Thun ist eine Provinzstadt im Kanton Bern, vom See pittoresk gerahmt, im Hintergrund stehen mächtige Viertausendergipfel der Alpen. Auf dem Weg nach Interlaken oder aufs Jungfraujoch (»Top of Europe«) kommt man hier vorbei. Von der massiven Armeepräsenz - Trainingsgelände und Ausbildungszentrum - bemerkt man auf der Durchreise wenig. Doch Thun ist als Provinz- wie als Armeestadt prägend für Michael Wertmüller. Er wächst hier auf. Die touristisch-kulturelle Enge ist das eine, die Ausbildungsmöglichkeit bei den paramilitärischen Kadetten das andere.
»Mein Vater hat hobbymässig Schlagzeug gespielt. So war es naheliegend, das auch zu tun. Wir sind fast jeden Sonntag von Thun nach Bern gefahren, um im Kornhauskeller die Jazz-Matineen zu hören. So gab das eine das andere. Dann kam hinzu, dass ich als Schüler des Progymnasiums in Thun zu den Kadetten musste. Das war damals obligatorisch. Gut daran jedoch war, dass ich dort zu den Tambouren durfte. So habe ich das Trommeln gelernt.«2
Die musikalische Sozialisierung in den 1970er Jahren erfolgt durch Live-Jazz und die elterliche Plattensammlung, wo Michael Wertmüller auch auf die Tradition der europäischen Kunstmusik stößt.

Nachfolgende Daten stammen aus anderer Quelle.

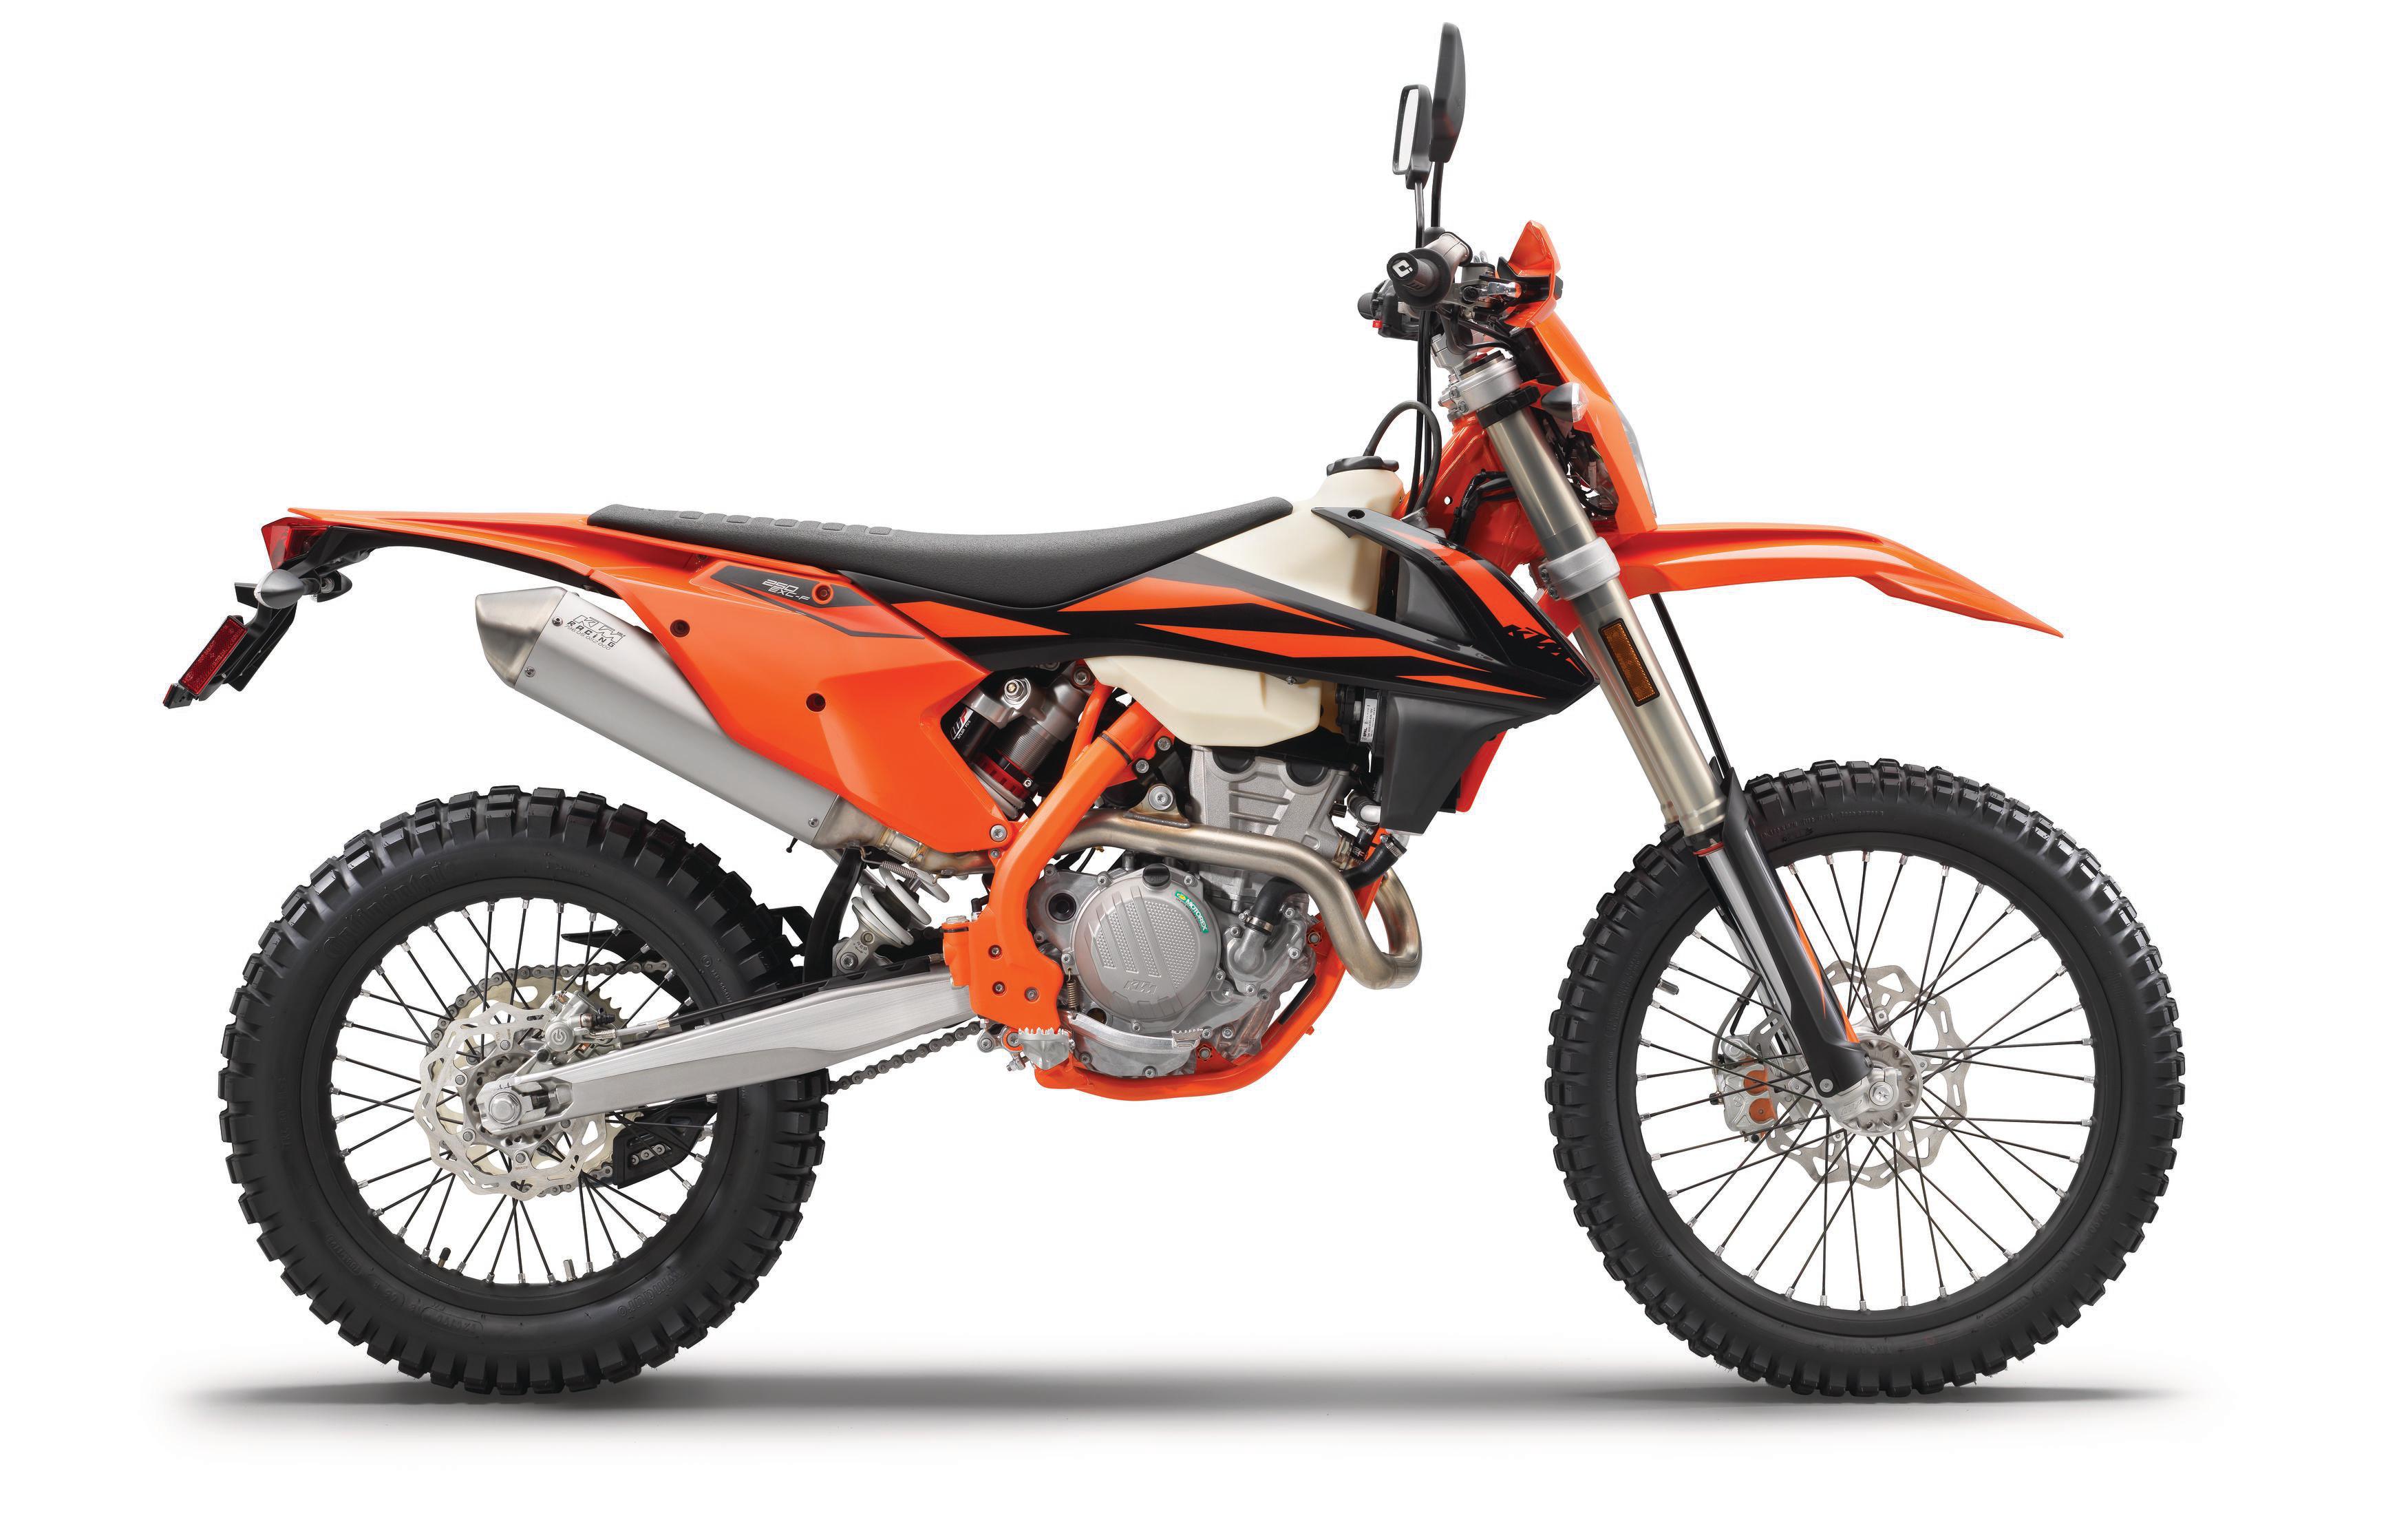 250 EXCF

»Zu Hause gab es viel Charlie Parker, Duke Ellington und Count-Basie-Platten. Ebenso Tschaikowski, Bruckner, Beethoven und Mahler. Die jazzigen Platten habe ich durch die diversen Konzertbesuche ein bisschen verstanden, zumindest war mir das nicht sehr fremd. In die klassischen und romantischen Werke dagegen musste ich mich >einarbeiten<, sie haben mich aber sehr bald überwältigt. Diese Dramatik und Grösse des Apparates die Kompositionen an sich und das Pathos war das Unerhörte, das Faszinierende.«
Rückblickend, erzählend, erscheint eine Idylle. Nicht nur das unbeschwerte Kennenlernen und Fasziniert-Sein von ersten musikalischen Erlebnissen und Begegnungen sind prägend, sondern auch die Umgebung, in der dies stattfinden kann.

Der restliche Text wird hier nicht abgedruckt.